High genomic plasticity and unique features of Xanthomonas translucens pv. graminis revealed through comparative analysis of complete genome sequences

Background: Xanthomonas translucens pv. graminis (Xtg) is a major bacterial pathogen of economically important forage grasses, causing severe yield losses. So far, genomic resources for this pathovar consisted mostly of draft genome sequences, and only one complete genome sequence was available, preventing comprehensive comparative genomic analyses. Such comparative analyses are essential in understanding the mechanisms involved in the virulence of pathogens and to identify virulence factors involved in pathogenicity.

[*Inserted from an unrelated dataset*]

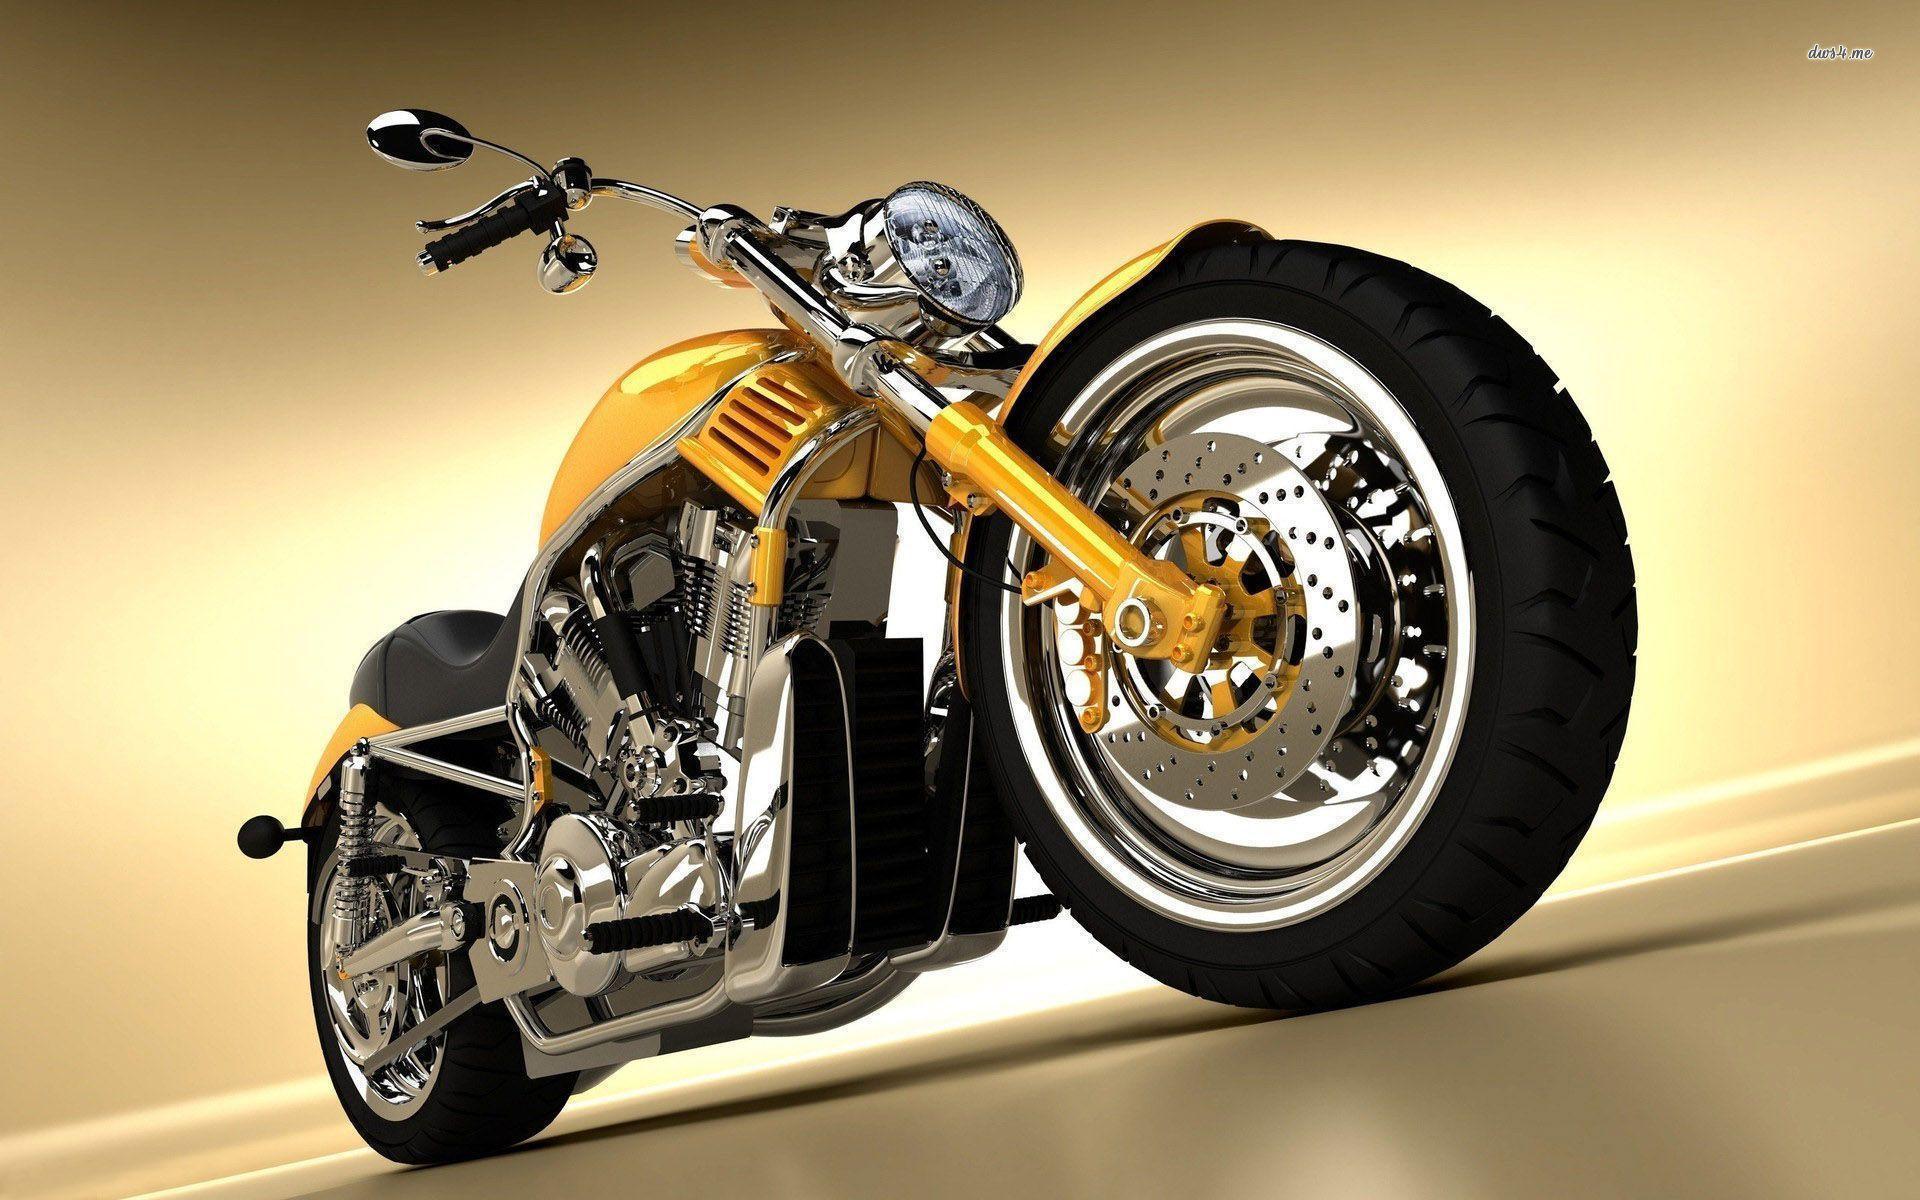 Harley Davidson Motorcycles HD Wallpaper - DOWNLOAD HD WALLPAPERS

Results: In this study, we produced high-quality, complete genome sequences of four strains of Xtg, complementing the recently obtained complete genome sequence of the Xtg pathotype strain. These genomic resources allowed for a comprehensive comparative analysis, which revealed a high genomic plasticity with many chromosomal rearrangements, although the strains were highly related, with 99.9 to 100% average nucleotide identity. A high number of transposases were exclusively found in Xtg and corresponded to 413 to 457 insertion/excision transposable elements per strain. These mobile genetic elements are likely to be involved in the observed genomic plasticity and may play an important role in the adaptation of Xtg. The pathovar was found to lack a type IV secretion system, and it possessed the smallest set of type III effectors in the species. However, three XopE and XopX family effectors were found, while in the other pathovars of the species two or less were present. Additional genes that were specific to the pathovar were identified, including a unique set of minor pilins of the type IV pilus, 17 TonB-dependent receptors (TBDRs), and 11 degradative enzymes. 

Conclusion: These results suggest a high adaptability of Xtg, conferred by the abundance of mobile genetic elements, which may have led to the loss of many features. Conserved features that were specific to Xtg were identified, and further investigation will help to determine genes that are essential to pathogenicity and host adaptation of Xtg.